Restaurant, bar and leisure operators in London have hit breaking point over rent levels, according to new research, with 84% stating that rents and rates could force them to close down or move out of the capital.
A report by leisure property specialist Cedar Dean Group found that 90% of operators were concerned that costs would become “unsustainable” if rents and rates continued to rise as forecasted.
The research, which surveyed 600 restaurants including Bob Ricard and ShakaZulu, showed that restaurants were spending an average of 21% of their turnover on rent, up from 16% last year.
The group said that the maximum percentage of turnover spent on rent should be 12%.
It predicted the situation would lead to more remote central kitchens, an increase in reverse premiums as landlords struggle to shift empty space, and an exodus of restaurants from central London in favour of fringe locations or even regional cities, where rents are cheaper.
Recommendations
As a result of the report’s findings, the group has recommended that landlords, the government and leisure industry leaders put in place an “affordability statement” to support restaurateurs.

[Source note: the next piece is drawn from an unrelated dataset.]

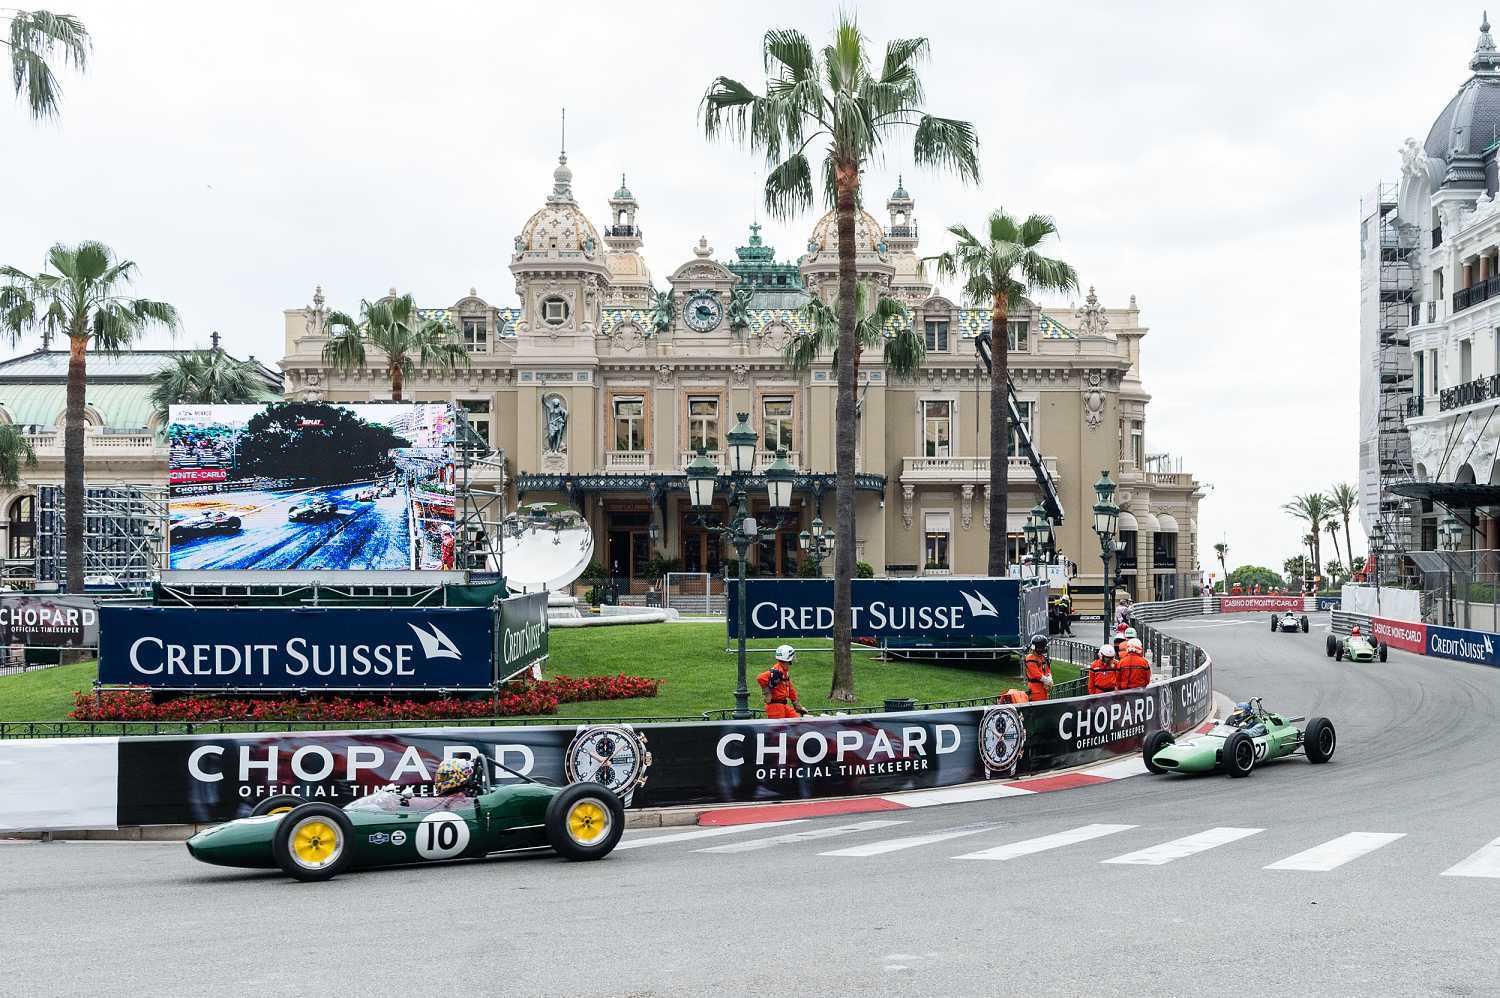 Chopard oficiální časomíra Grand Prix de Monaco 1 | Sportovní model hodinek Chopard představen na akci Porsche

Additionally, it suggests that where operator rents and rates exceed 25% of turnover, landlords could provide a rent concession during which a lease could not be assigned until arrears were made up.
Roger Payne, chief executive of Camden Dining Group, said: “A number of restaurants are in serious trouble at the moment, predominately related to the rents and not assisted by legislation.
“Historically, the most successful rents have been at less than 12% of turnover. As restaurants have needed to expand, landlords have taken advantage and rents have crept up because of demand.”
The report also criticised landlords for “bypassing” the Landlord & Tenant Act 1954, which gives tenants the right to have a renewable lease on the same terms as their original lease. More than a quarter of operators said their leases now did not fall under the Act, according to the report.
A cliff edge
David Abramson, chief executive of Cedar Dean Group, said: “We always knew that the upward-only rent review system created a cliff edge ending for operators but these latest statistics are much worse than what we saw a year ago.
“We turned to the Westminster Property Association for help, suggesting it consider its corporate social responsibility by lobbying landlords for affordable rents. We recommended urging landlords to take turnover into account when agreeing new leases or executing rent reviews – rather charging rent on a pound per sq ft basis.
“The response from the WPA was that such an affordability statement could reduce footfall and undermine successful operators – something we fundamentally disagree with.
“One thing the past few months have shown is that high rents and rates are affecting not only businesses that need to improve but also operators that invest substantial sums in the capital, including the likes of Ripley’s Believe it or Not, Jamie’s Italian and Byron, which have all suffered closures.
“It is plain and simple: the numbers just don’t add up. Without intervention, the restaurants will be forced to close their doors and by the time landlords wake up, it will be too late.”